Further Misadventures in the Basement

After being out of town for a week, I thought I was ready to tackle the basement again. Well, little did I know that the basement was ready for me–just lying in wait.

I started off by running through the rafters in the back half of the basement with the Shop-Vac. This was the same drill that I did in the front half of the basement a few weeks ago:

  • Strap on my trusty respirator and a pair of goggles.
  • Attach the hose to the outtake of the vacuum–basically creating a huge concentrated air blower.
  • Run the hose over every crack and crevice in the ceiling at point blank range.
  • Watch the tons of dust and crap that come falling out of the rafters.

I don’t know for sure what it was that came out of the ceiling boards–it’s mostly fine white powder and some white grainy stuff, but M. suspects that it’s the plaster dust from when the original plaster basement ceiling was demolished years ago.

Back to the basement bathroom. While I finished ripping out the bottom bits of that, I decided to take some time to rip out the panelling on the North wall of the basement, West of the bathroom. This turned out to be an adventure, but in the end, it yielded only small surprises.
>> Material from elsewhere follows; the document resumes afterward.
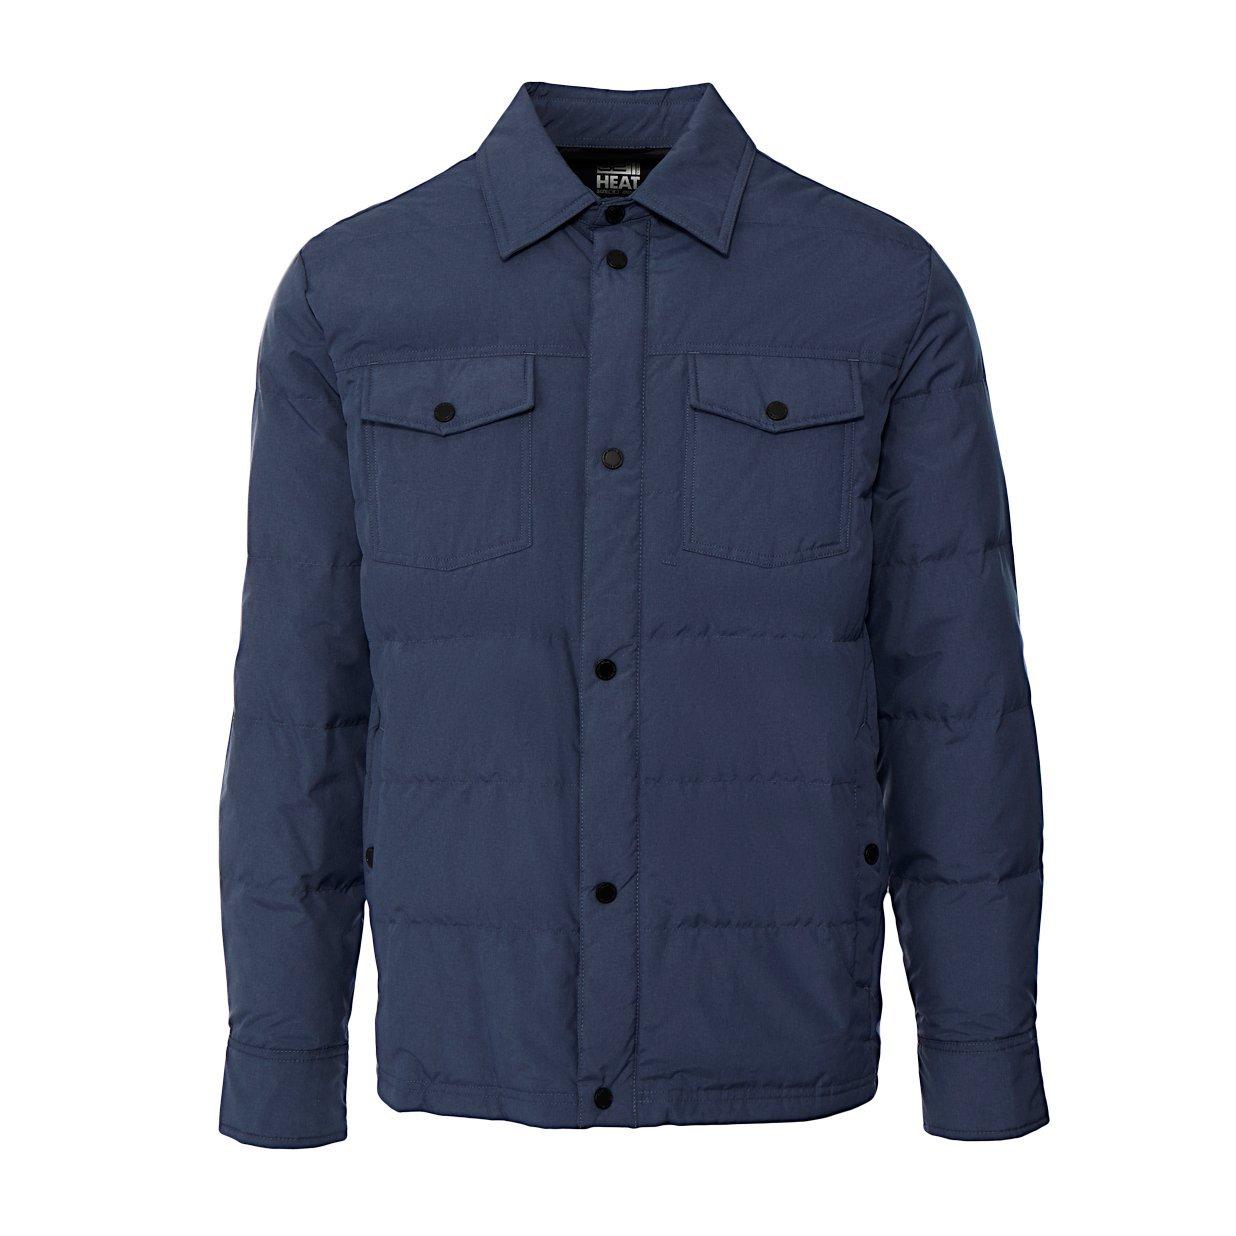 32 DEGREES Men's Packable Down Shirt Jacket -Dark Denim-M by 32 DEGREES

So we started with something like this:

Your typical panelled room, right? Removing the panelling revealed sheetrock over some simple framing. Here’s what that looked like (with some of the sheetrock already removed).

And after I removed the sheetrock and some of the framing, I was left with the original basement wall:

That’s the original foundation, which exhibits some small cracks as well as signs of efflorescence (not as bad as I expected), and the original plaster wall above (which has a small bit of water damage at the bottom). So the foundation along here (and presumably the rest of the North wall) is going to need some patching and some painting, but only after we rip out the driveway, expose the foundation, and seal and repair the outside first. From what I’ve been told, just fixing the inside is only going to hide the problem.